#### [DATA RECORDS]

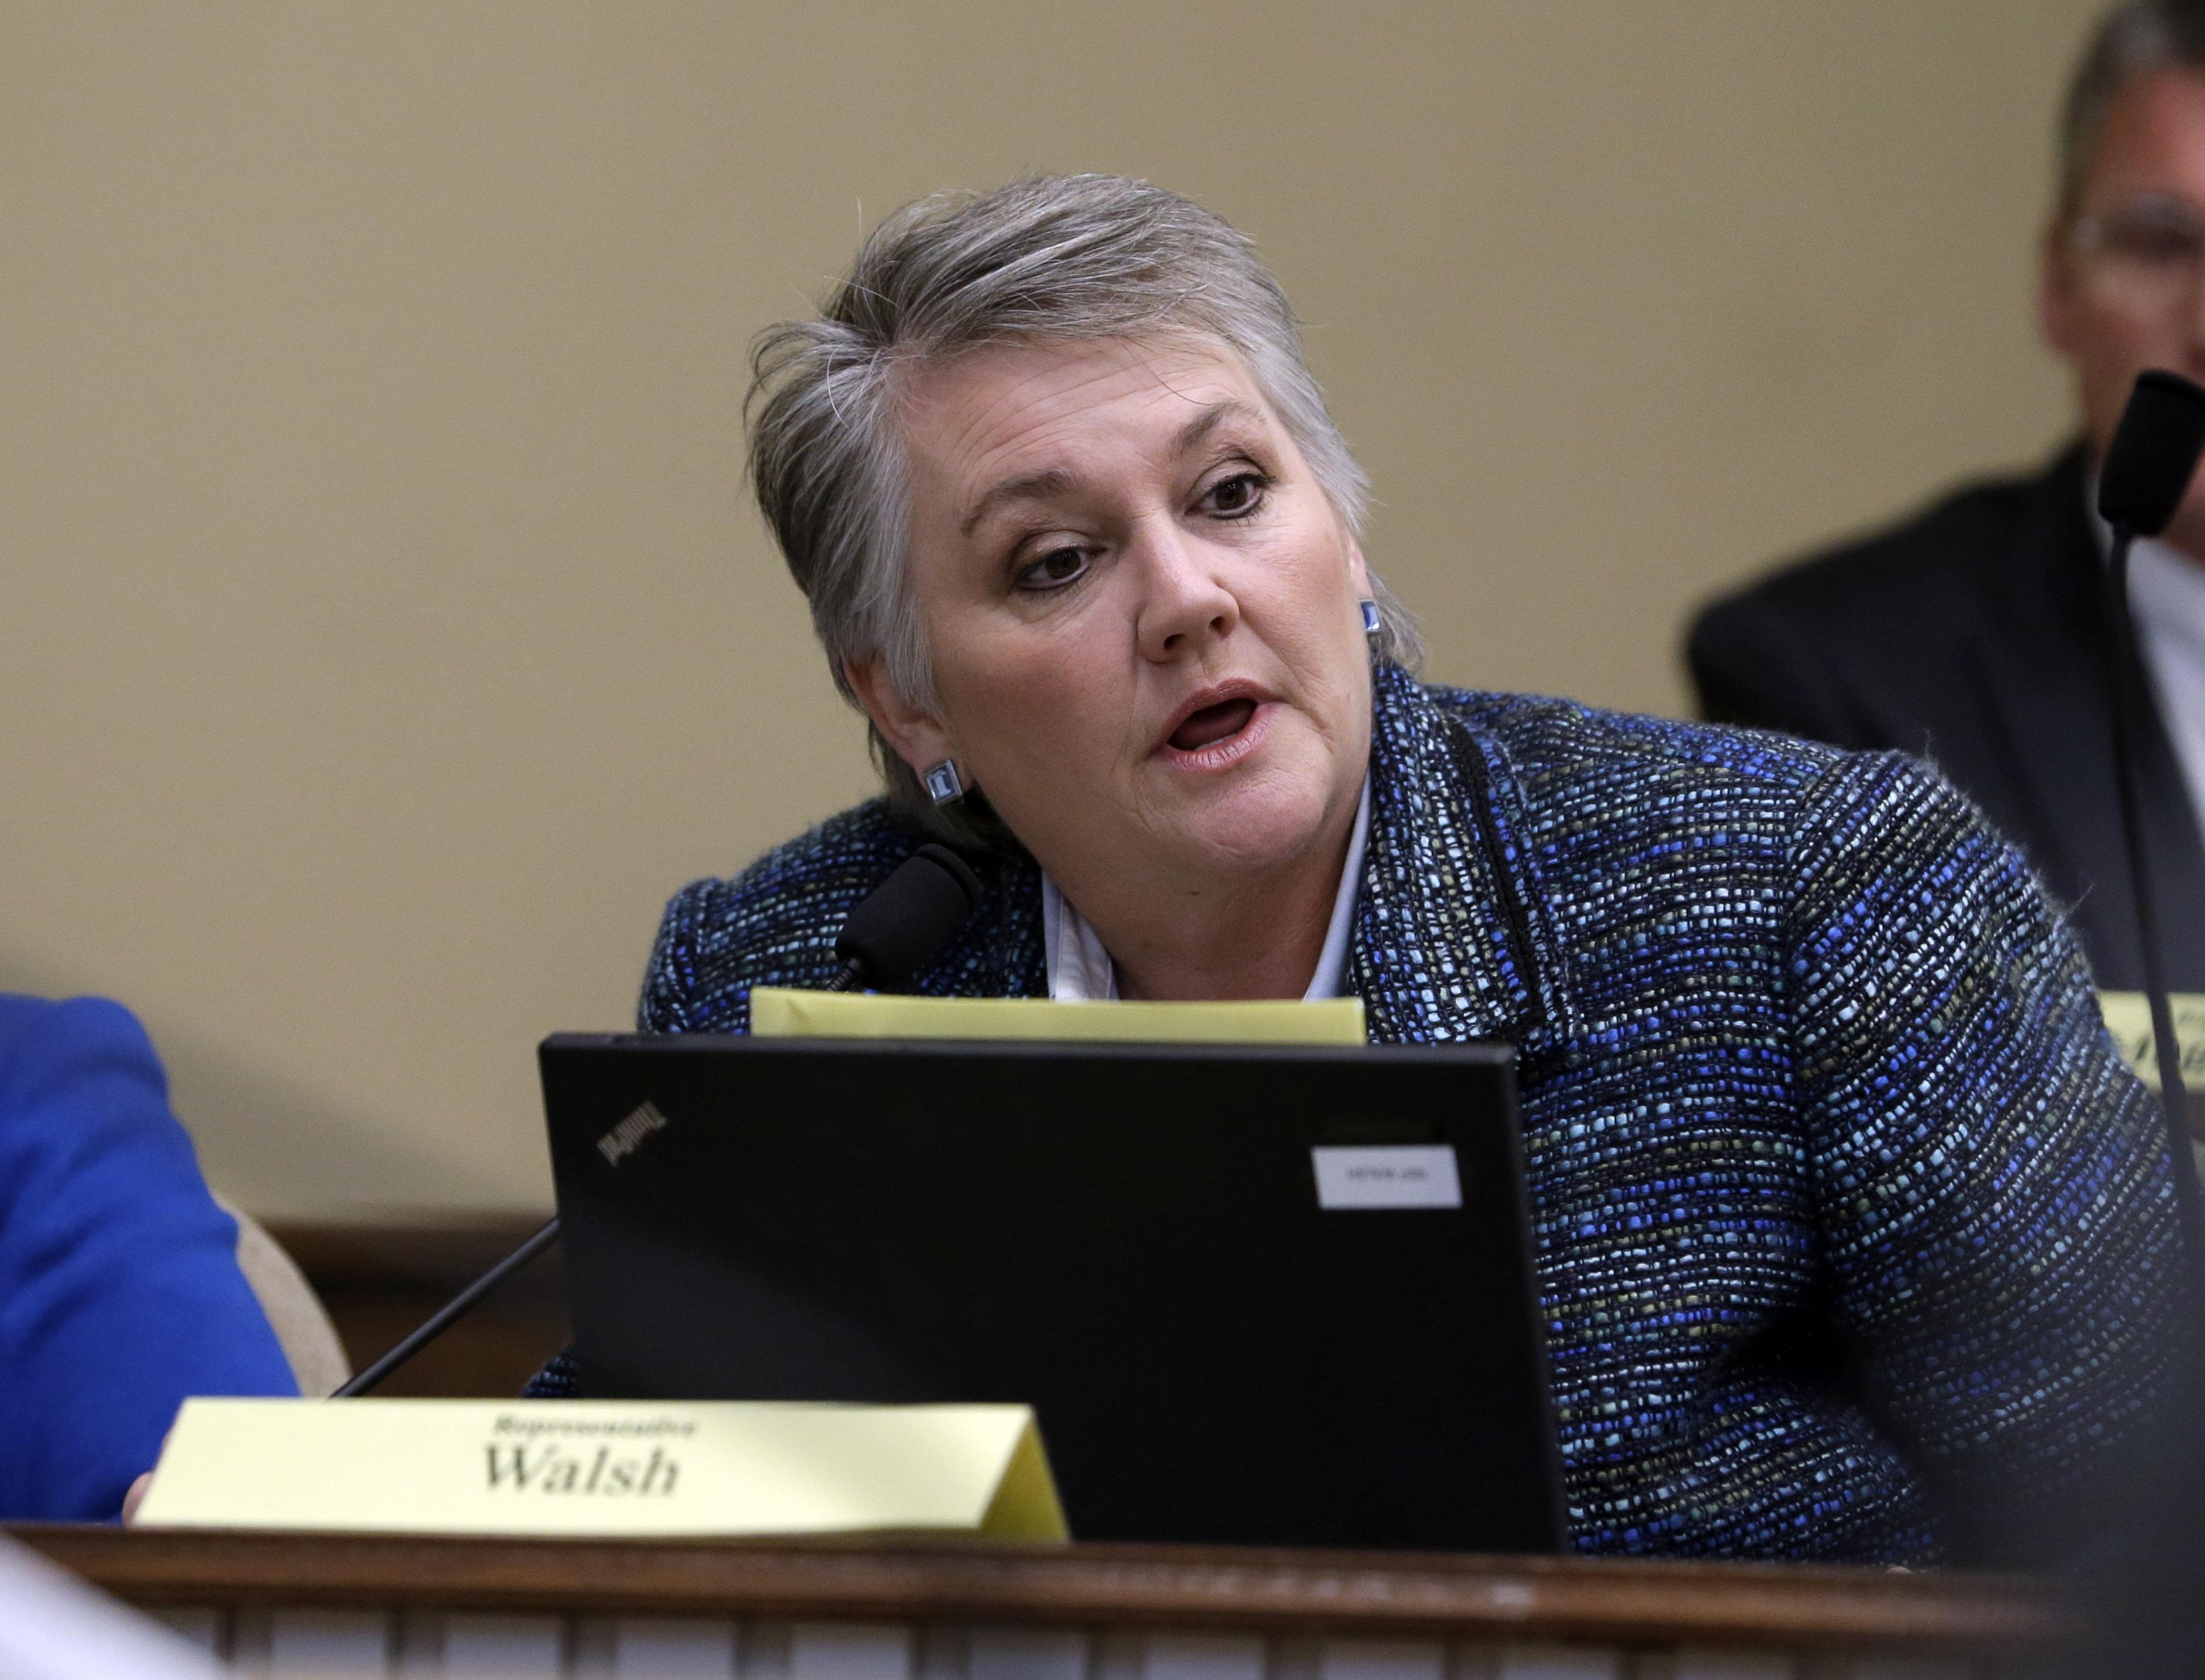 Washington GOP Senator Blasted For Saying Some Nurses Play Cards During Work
...
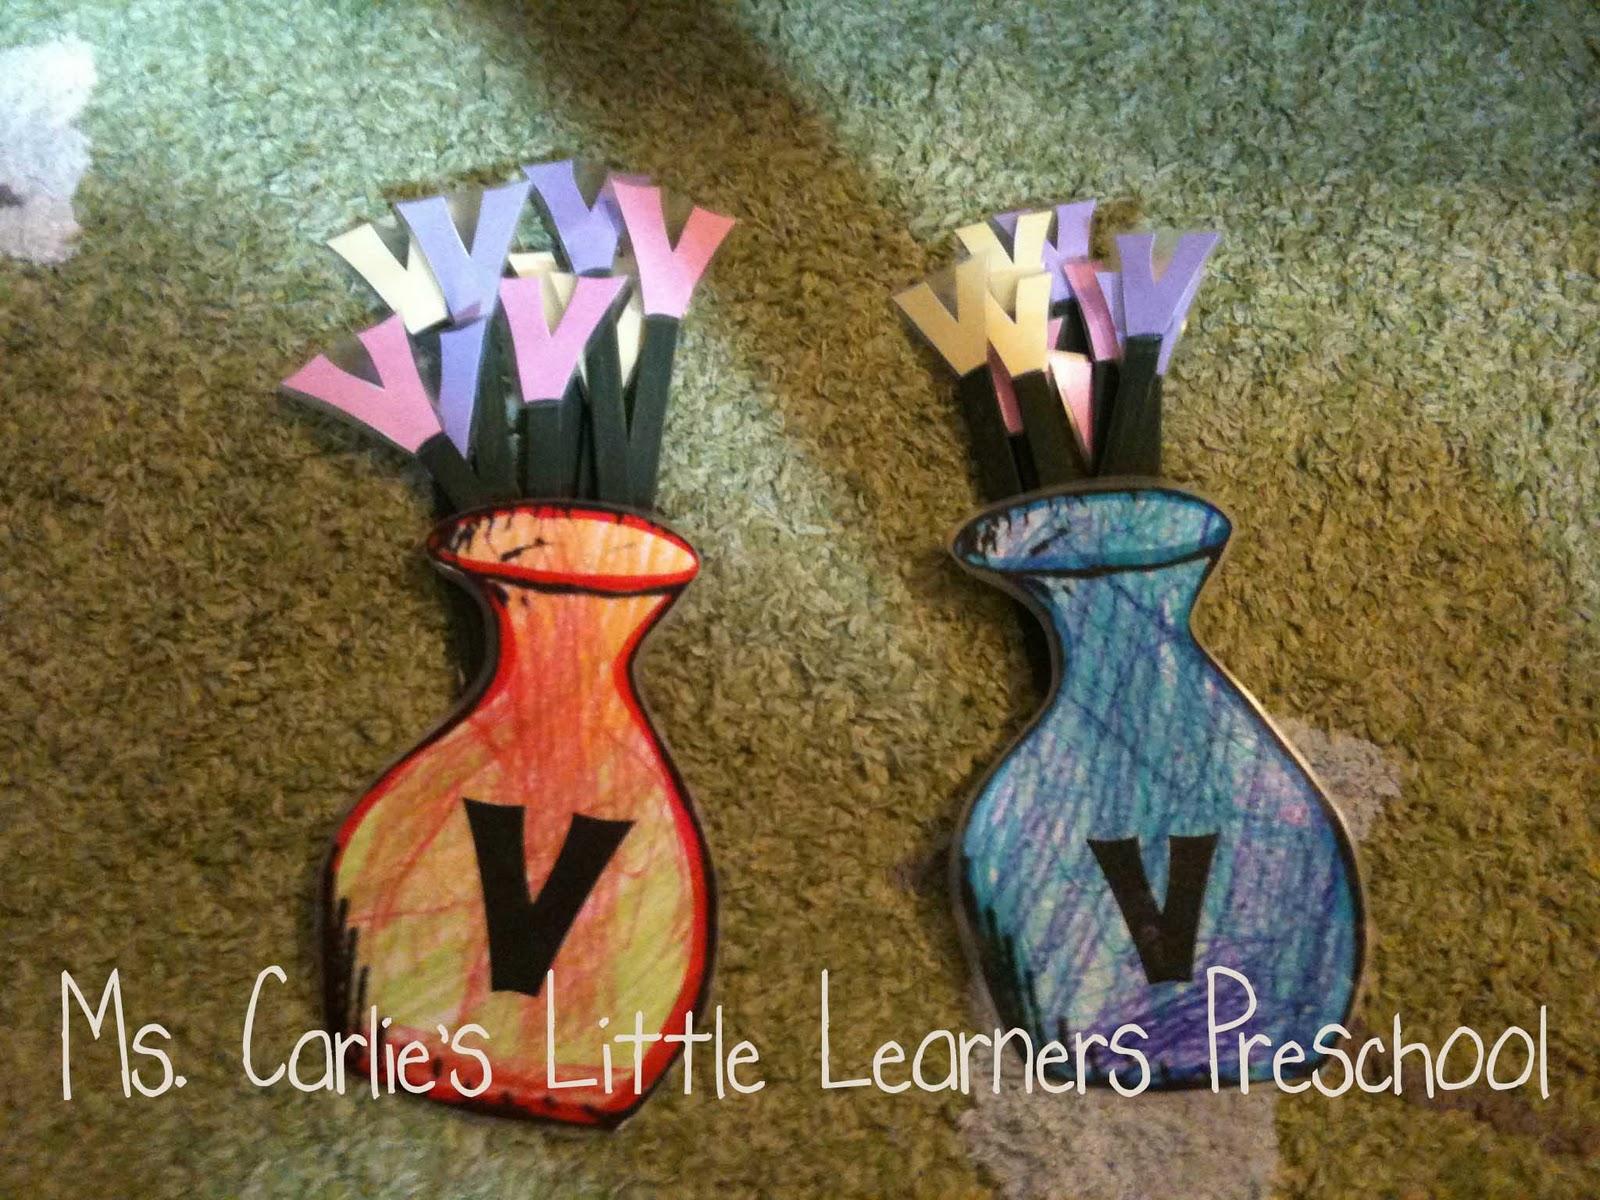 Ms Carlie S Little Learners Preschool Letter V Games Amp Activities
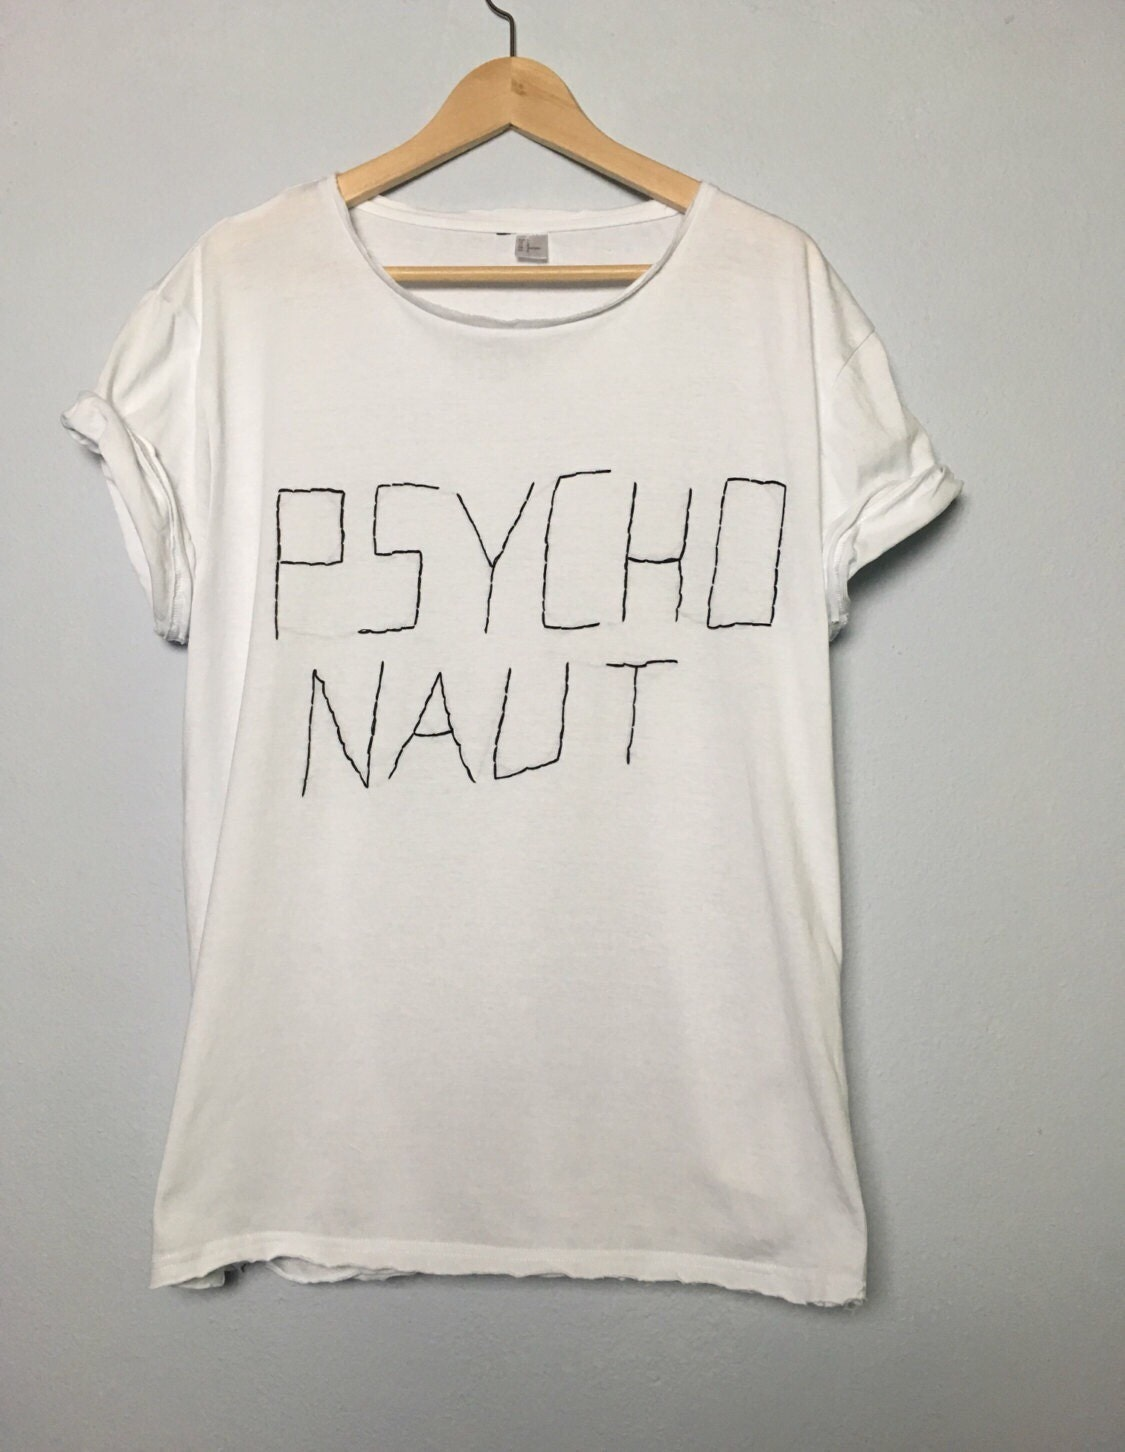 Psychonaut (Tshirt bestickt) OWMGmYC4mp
==
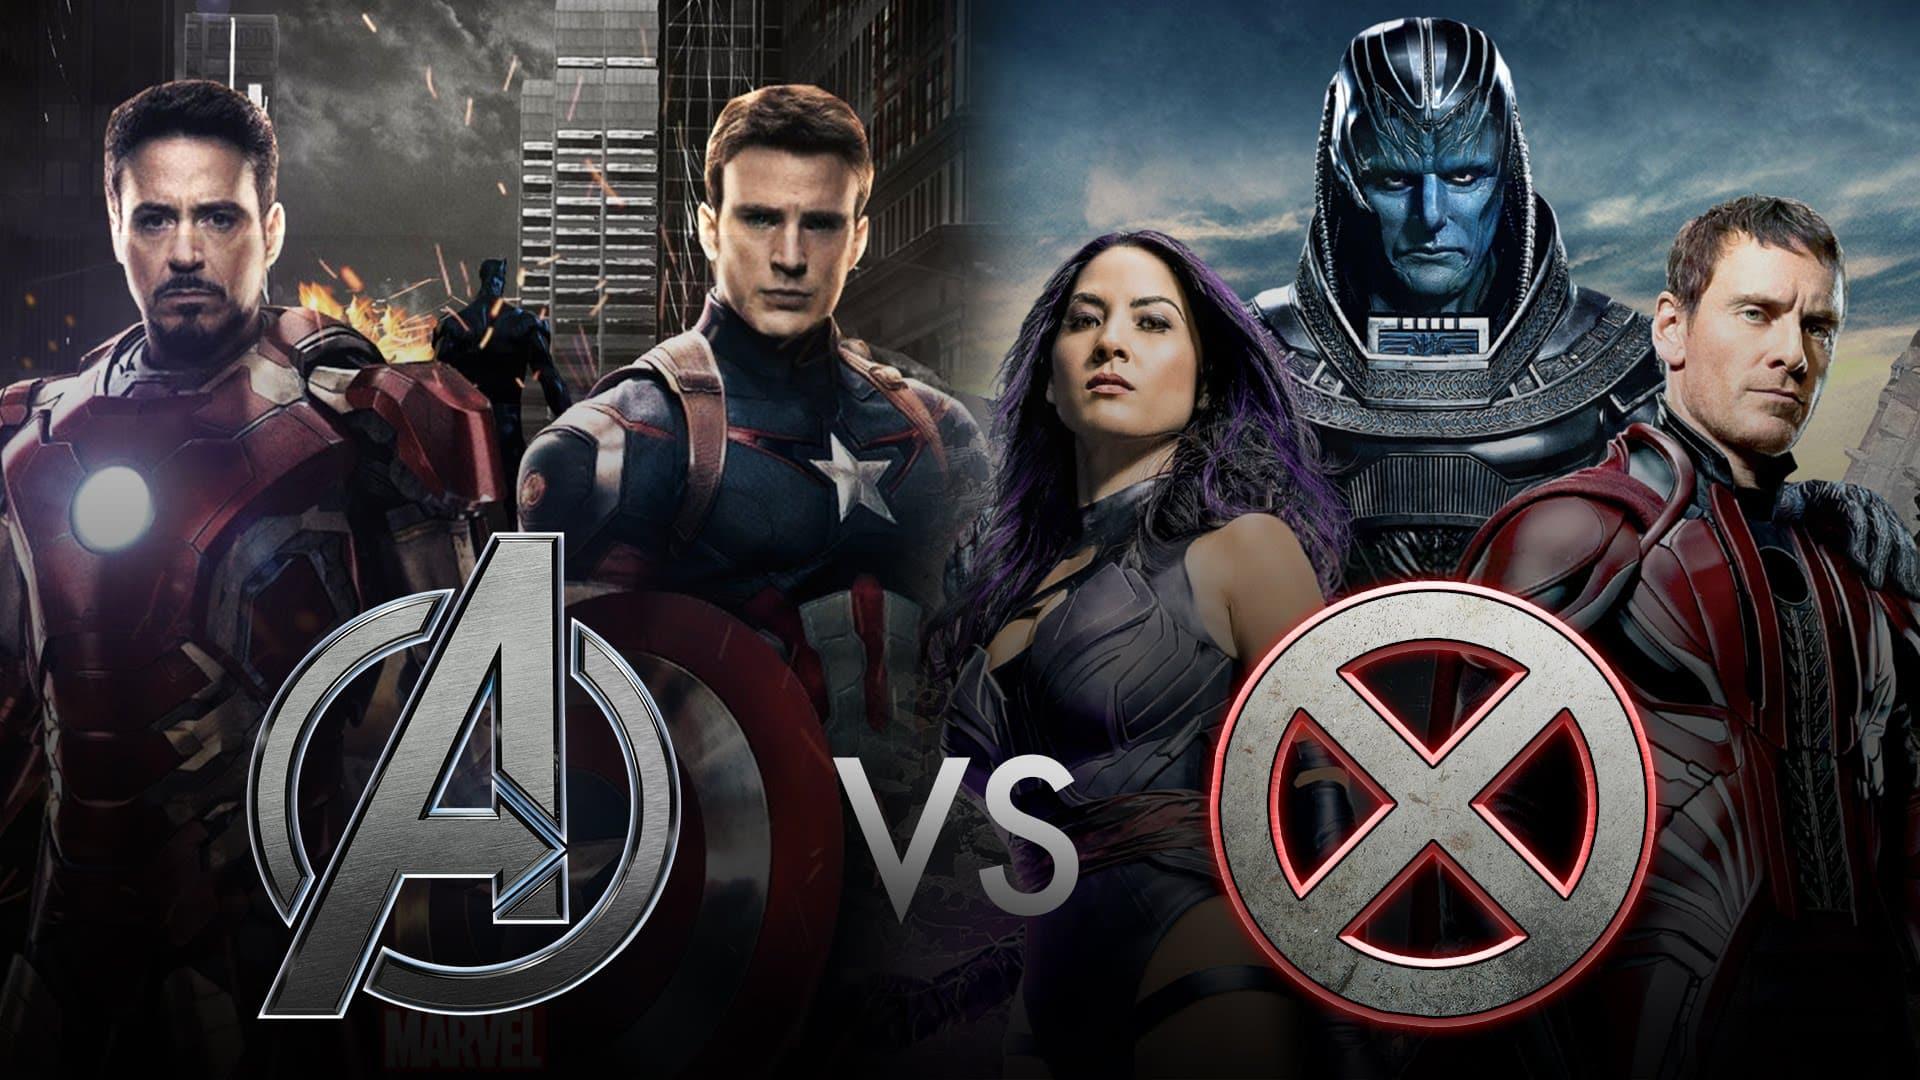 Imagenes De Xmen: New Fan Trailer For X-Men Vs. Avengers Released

#### [WHAT YOU HAVE TO DO]
Reproduce word for word, with pictures dropped, only the part of the material above that opens with the line containing "Ms Carlie S" and closes with the line containing "Psychonaut (Tshirt bestickt) OWMGmYC4mp".

#### [YOUR SOLUTION]
 Ms Carlie S Little Learners Preschool Letter V Games Amp Activities
 Psychonaut (Tshirt bestickt) OWMGmYC4mp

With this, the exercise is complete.